Mustard poultices were applied to Lincoln's "abdomen and extremities"; and "bottles and jugs of hot water were placed near him and his extremities, to regulate the temperature. Of course, all aid was useless in a wound of this character...." He describes Lincoln's increasingly labored respiration and irregular heartbeat, incorporating periodic notes "taken by Dr. King at the president's bedside during the progress of the case." These observations, probably themselves transcribed by Stone from no-longer-extant notes made at Lincoln's deathbed, record the president's gradual but steady decline and death. At 12:40 Stone notes "R. eye much trefused ecchymosis very marked"; at 1:45 a.m. he notes "Very quiet. Resp. irregular." Then, at 6:30 a.m. he writes "Still failing and labored breathing...the least touch of his body surface would cause and electric jerk through body"; at 7 a.m. he notes "Pulse and respiration failing much," and finally, at 7:22 a.m. he writes simply "Death closed the scene. He slept."

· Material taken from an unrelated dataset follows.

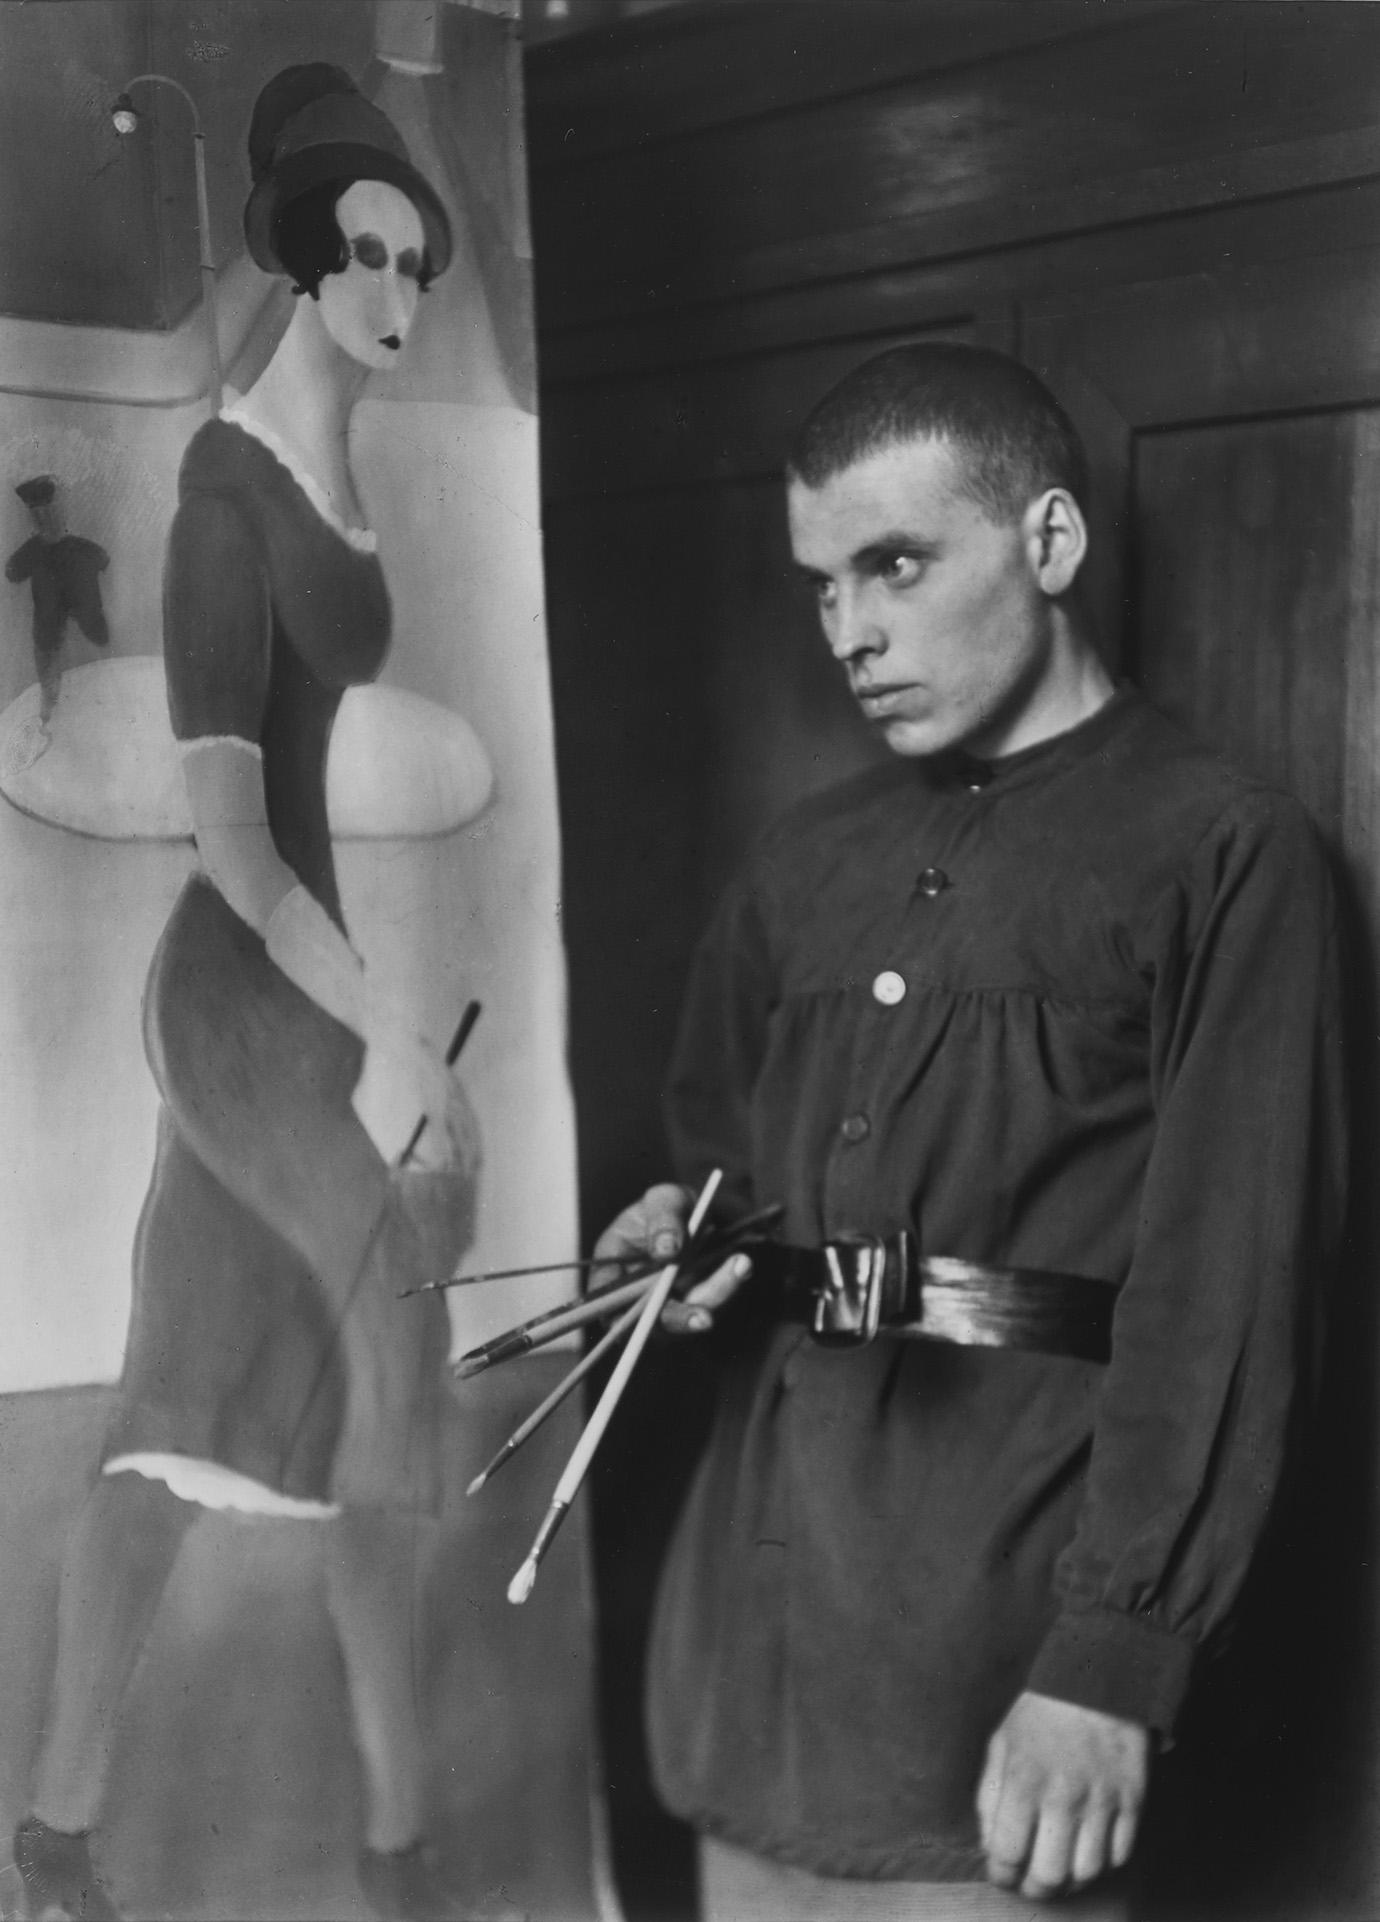 August Sander, Maler, 1924 (Gottfried Brockmann)

The next page and a half contain explicit medical observations on loss of brain tissue due to the wound. Stone then provides (pages 5 and 6) a narrative of "the autopsy of our late President." Present for this post mortem were Surgeon General Barnes, Dr. Crane, and Dr. Taft; Stone was informed by Dr. Brown, the embalmer, that "the embalmment of the body...would immediately follow our necropsy..." Much additional medical detail, follows, including very precise descriptions of the wound, and the exact course of the fatal projectile fired by Booth: "the ball pierced the durameter and through posterior lobe of the Left hemisphere of the brain...it entered the left lateral ventricle...inclining upwards and inward...and lodged just above the Corpus straetum of the left side...." The notes for Stone's lecture seem incomplete at the end, and it is possible the manuscript represents a draft text or rough outline for the lecture.

[With:] STONE. Autograph manuscript description and carefully drawn coat-of arms of Stone, dated 1866. 1 page, 12mo.

Provenance: Dr. Max Thorek, small ownership stamp verso of p.6 (sale, Sotheby Parke Bernet, 15 November 1960, lot 334) -- Philip D. Sang (sale, Sotheby Parke Bernet, 26 April 1978, lot 198).